**Record set**
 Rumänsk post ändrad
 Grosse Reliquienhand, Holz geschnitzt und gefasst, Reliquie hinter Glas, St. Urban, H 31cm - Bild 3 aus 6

==

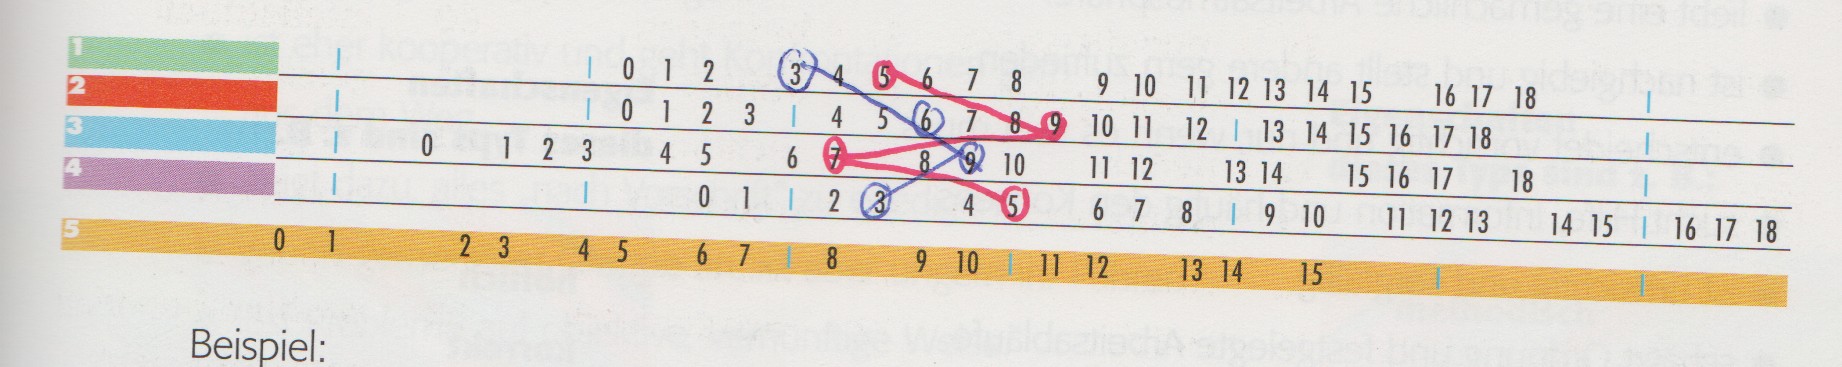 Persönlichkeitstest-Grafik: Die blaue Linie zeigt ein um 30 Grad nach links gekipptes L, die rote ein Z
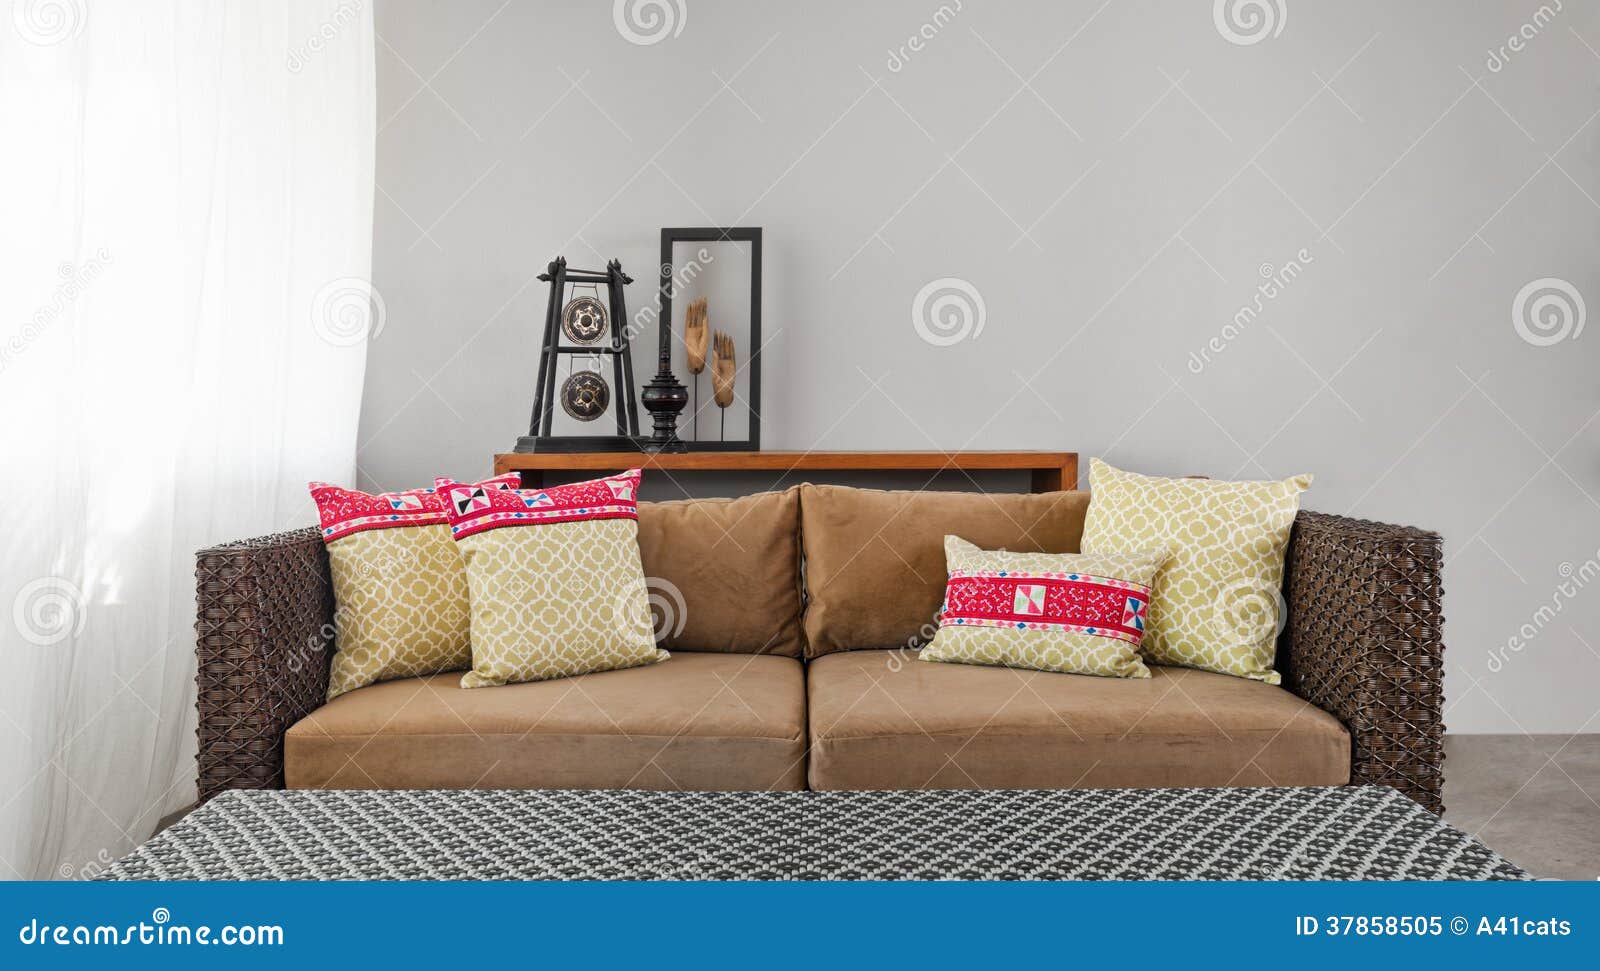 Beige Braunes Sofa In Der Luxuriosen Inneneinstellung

**Try it**
What you need to produce is an exact copy of the entries above, limited to the lines from the one with "Persönlichkeitstest-Grafik: Die blaue" up to and including the one with "Beige Braunes Sofa", without pictures.

**Worked solution**
 Persönlichkeitstest-Grafik: Die blaue Linie zeigt ein um 30 Grad nach links gekipptes L, die rote ein Z
 Beige Braunes Sofa In Der Luxuriosen Inneneinstellung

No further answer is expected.